Unnamed: 0,experimental_group,is_click,user_id
0,A,False,517
1,A,True,310
2,B,False,572
3,B,True,255


In [117]:
experimental_pivot = experimental.pivot(
        columns = 'is_click',
        index = 'experimental_group',
        values = 'user_id'
).reset_index()
experimental_pivot

is_click,experimental_group,False,True
0,A,517,310
1,B,572,255


In [118]:
experimental_pivot['percent_clicked'] = 100*(experimental_pivot[True] / (experimental_pivot[True] + experimental_pivot[False]))
experimental_pivot

is_click,experimental_group,False,True,percent_clicked
0,A,517,310,37.484885
1,B,572,255,30.834341


In [119]:
a_clicks = ad_clicks[ad_clicks.experimental_group == 'A']
b_clicks = ad_clicks[ad_clicks.experimental_group == 'B']

In [120]:
a_pivot = a_clicks.groupby(['is_click', 'day']).user_id.count().reset_index().pivot(
    columns = 'is_click',
    index = 'day',
    values = 'user_id'
).reset_index()

a_pivot

is_click,day,False,True
0,1 - Monday,70,43
1,2 - Tuesday,76,43
2,3 - Wednesday,86,38
3,4 - Thursday,69,47
4,5 - Friday,77,51
5,6 - Saturday,73,45
6,7 - Sunday,66,43


In [126]:
b_pivot = b_clicks.groupby(['is_click', 'day']).user_id.count().reset_index().pivot(
    columns = 'is_click',
    index = 'day',
    values = 'user_id'
).reset_index()

b_pivot

is_click,day,False,True
0,1 - Monday,81,32
1,2 - Tuesday,74,45
2,3 - Wednesday,89,35
3,4 - Thursday,87,29
4,5 - Friday,90,38
5,6 - Saturday,76,42
6,7 - Sunday,75,34


In [121]:
a_pivot['percent_clicked'] = 100*(a_pivot[True] / (a_pivot[True] + a_pivot[False]))

a_pivot

is_click,day,False,True,percent_clicked
0,1 - Monday,70,43,38.053097
1,2 - Tuesday,76,43,36.134454
2,3 - Wednesday,86,38,30.645161
3,4 - Thursday,69,47,40.517241
4,5 - Friday,77,51,39.84375
5,6 - Saturday,73,45,38.135593
6,7 - Sunday,66,43,39.449541


In [127]:
b_pivot['percent_clicked'] = 100*(b_pivot[True] / (b_pivot[True] + b_pivot[False]))

b_pivot

is_click,day,False,True,percent_clicked
0,1 - Monday,81,32,28.318584
1,2 - Tuesday,74,45,37.815126
2,3 - Wednesday,89,35,28.225806
3,4 - Thursday,87,29,25.0
4,5 - Friday,90,38,29.6875
5,6 - Saturday,76,42,35.59322
6,7 - Sunday,75,34,31.192661


Compare the results for A and B. What happened over the course of the week?

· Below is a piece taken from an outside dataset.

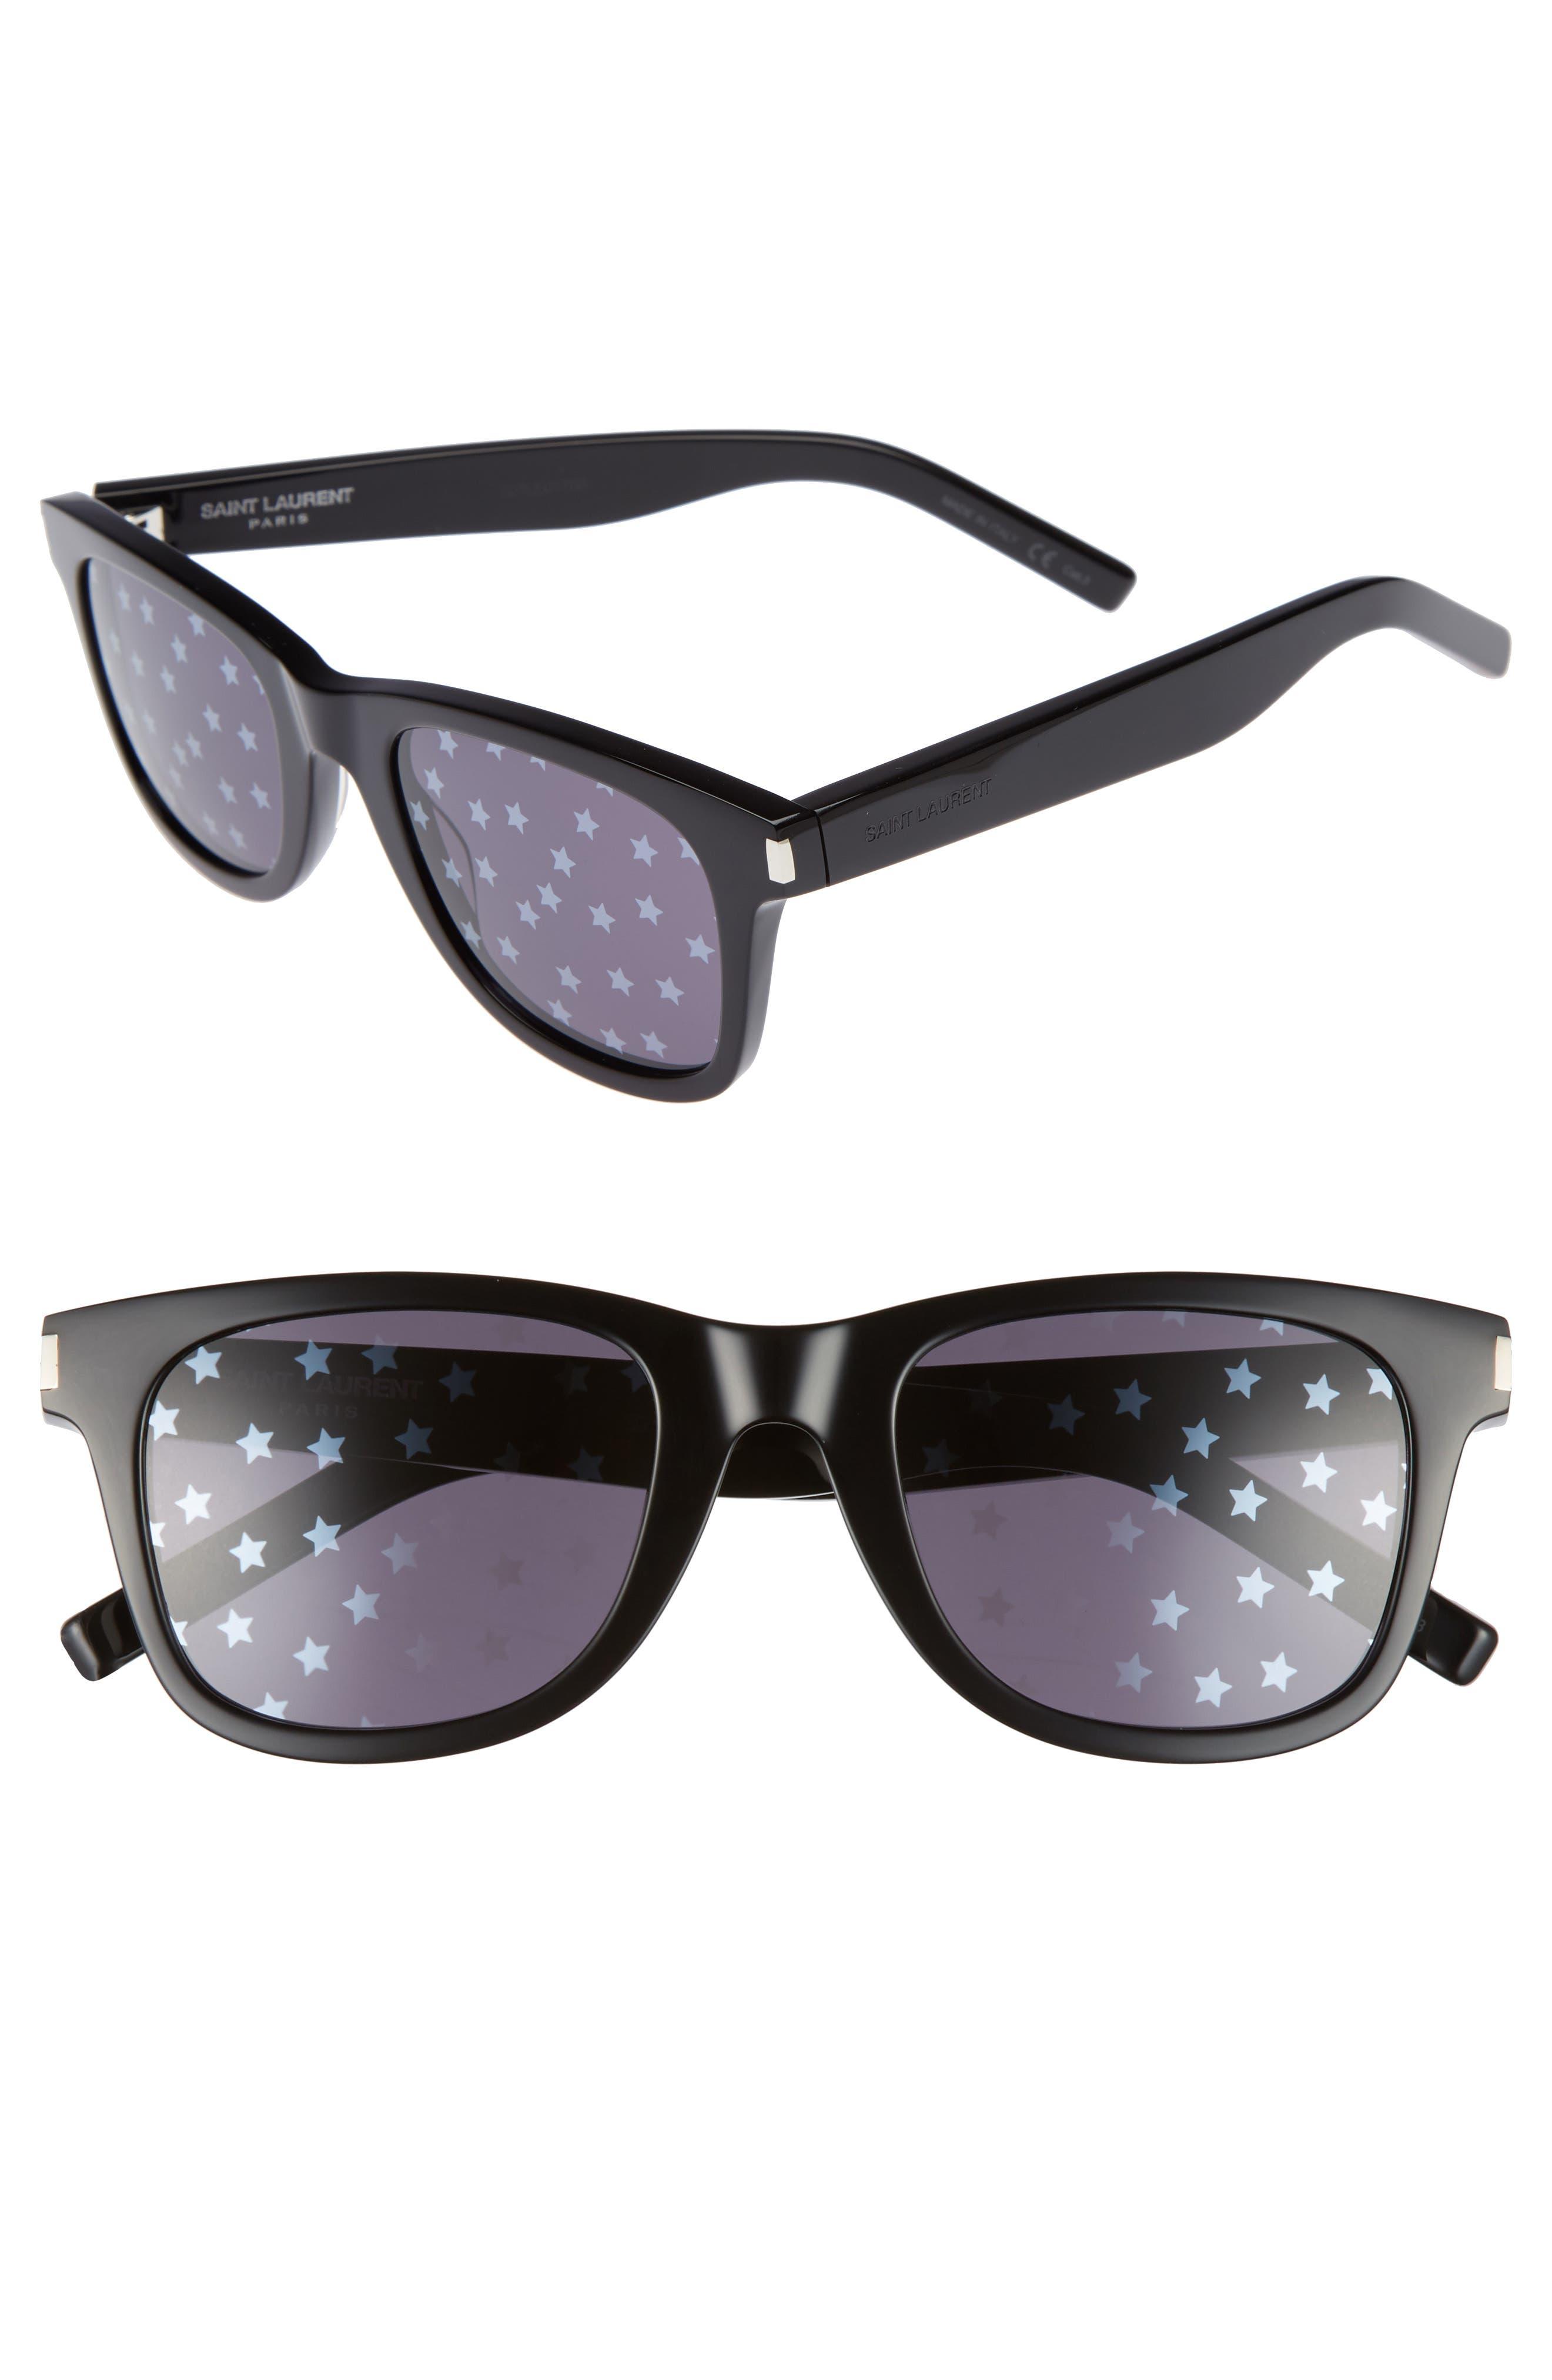 Saint Laurent SL51 50mm Sunglasses
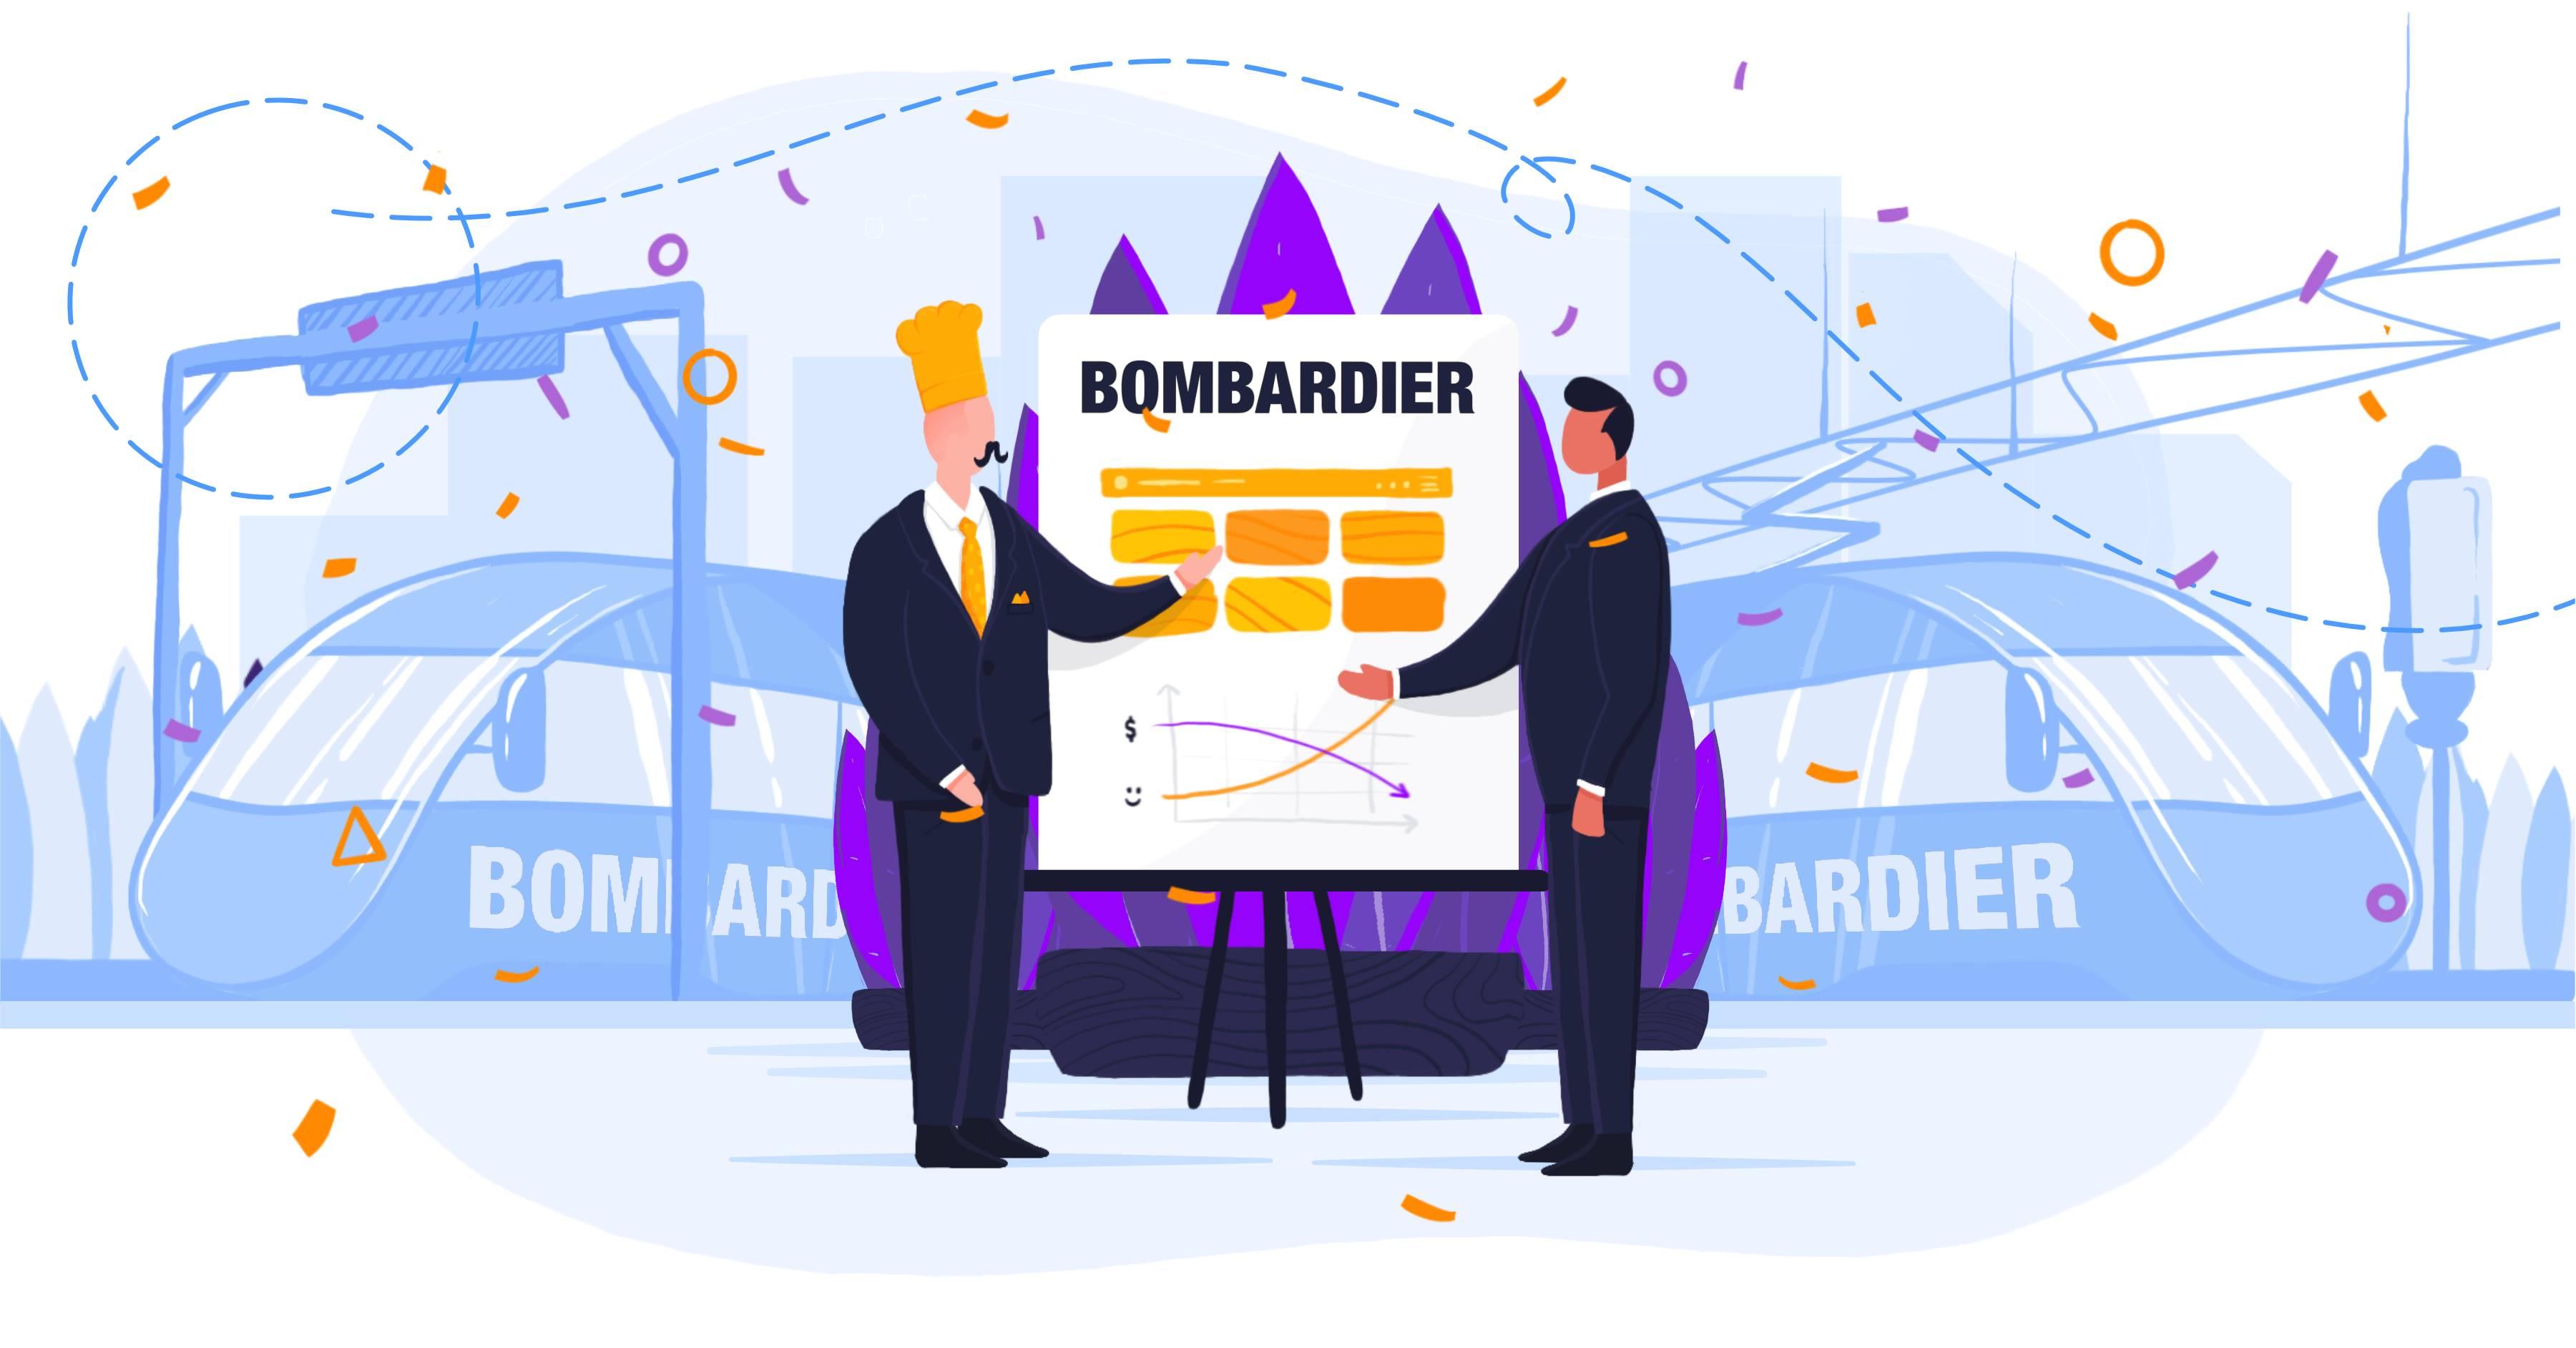 Historie klientow smartlunch: Bombardier. Wirtualna kantyna karmi setki pracowników

Do you recommend that your company use Ad A or Ad B?

Answer :

from 1654 data, the results are 50 : 50 for Ad A and Ad B, each got 827 results.

Which is Ad A was doing better than Ad B :
    - Ad Click Ad A had 55 results more than Ad B.
    - Ad for a week, Ad A were doing better, only lost on Tuesday from Ad B with 1.68% different
    
It might be a good idea to choose Ad A.